Encrypted Email Goes Mobile With Tutanota

by Neal RauhauserJanuary 8, 2015

One of the problems mentioned in Making Encrypted Email Usable is the disconnect between the desktop, where there are PGP encryption applications or browser plugins, and the mobile world, where puzzle-box software leaves users feeling frazzled rather than freed.

German provider Tutanota, literally ‘secure message’ in Latin, has undertaken making encrypted email painless even when mobile, combining a novel set of approaches. They don’t offer PGP so you can’t interoperate with existing encrypted mail users, but they do provide a smooth user experience, with an easy path to bringing your friends & family into their protected email fold. They announced an Android application today, and with an IOS application under review by the first of the year, everyone will be able to enjoy the privacy and simplicity this platform offers.

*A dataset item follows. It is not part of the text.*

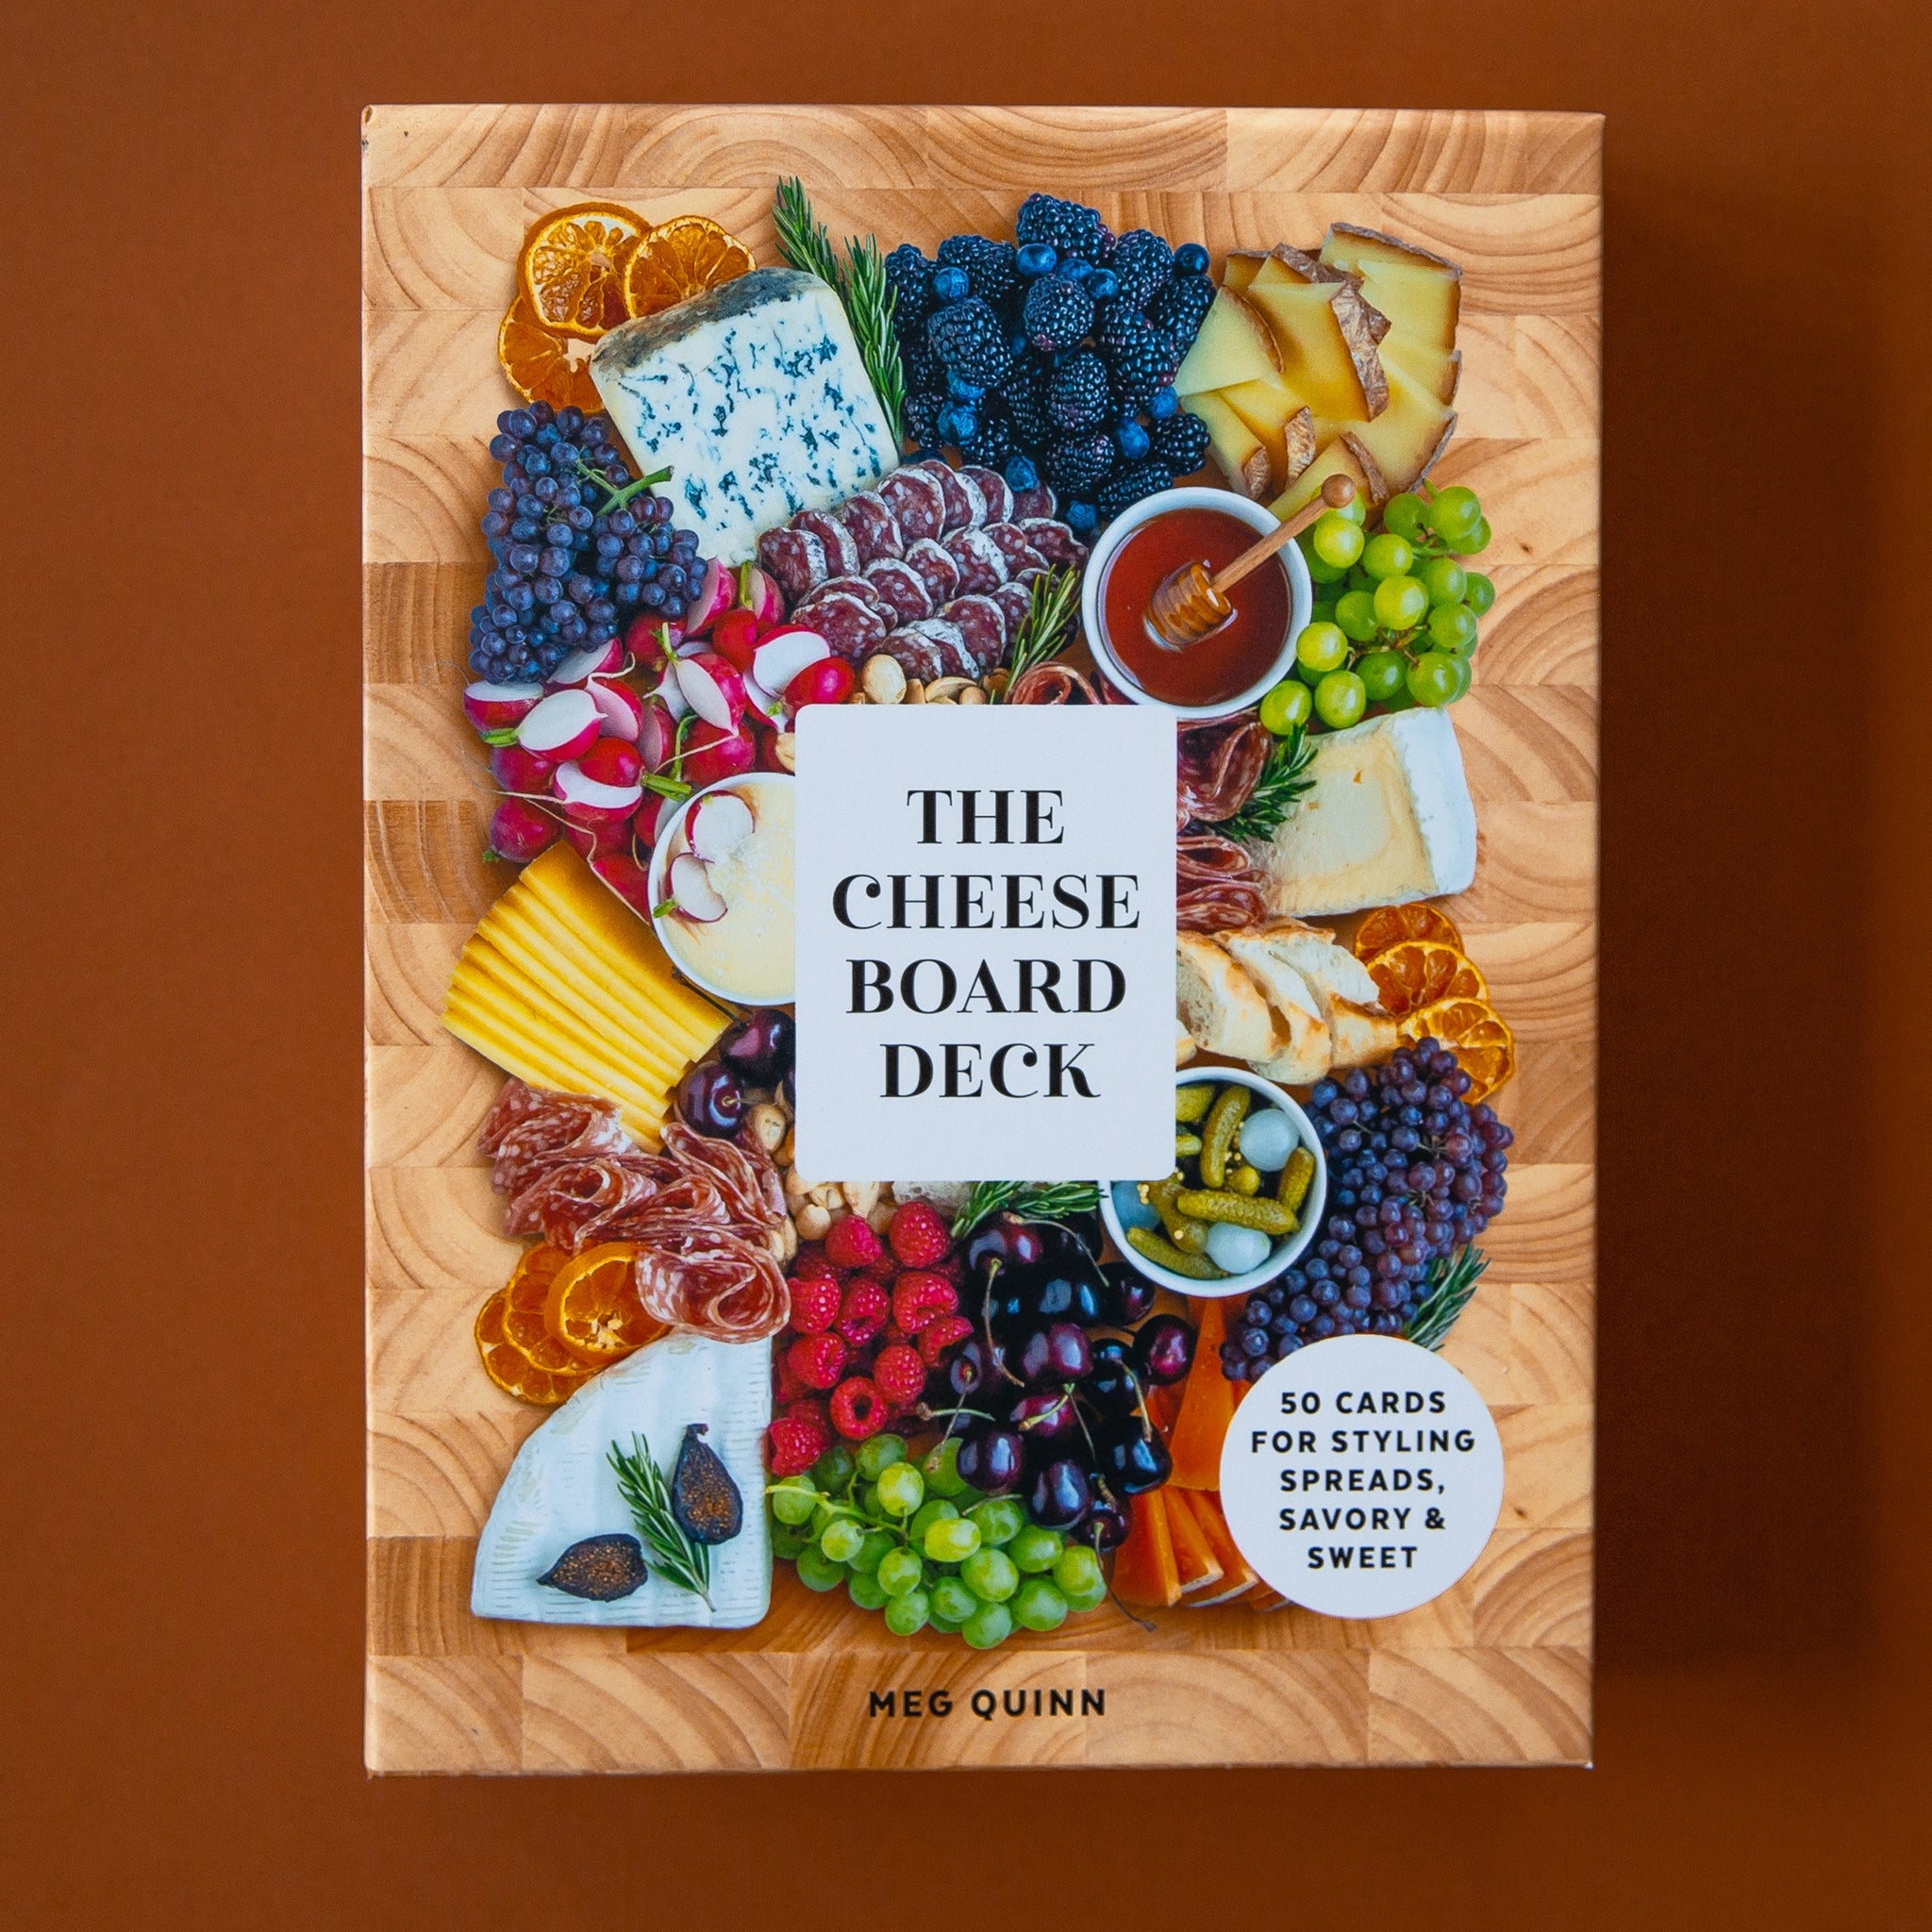 The front cover of box looks like a cheese board with an assortment of cheeses, meats and fruits along with a white square in the center that says, &quot;The Cheese Board Deck&quot;.

Also read: Making Encrypted Email Usable

Tutanota Features

Tutanota User Interface

Tutanota User Interface

There are a couple of obvious positives about Tutanota that are immediately apparent to skilled privacy advocates upon first approach. The site will happily let you register for an account via a Tor exit node, and they do not require any “know your customer” moves like registering via another email or accepting an SMS message. This is entirely counter to all of the major providers like Google and Yahoo, who have been continually adding hassles for the last two years.

Once inside Tutanota it’s like a visit to a Zen temple; more attention is paid to keeping things open and roomy. There are half a dozen options at the upper right and their icons are large, which is a big relief for older eyes. Inside each option things are just as neat.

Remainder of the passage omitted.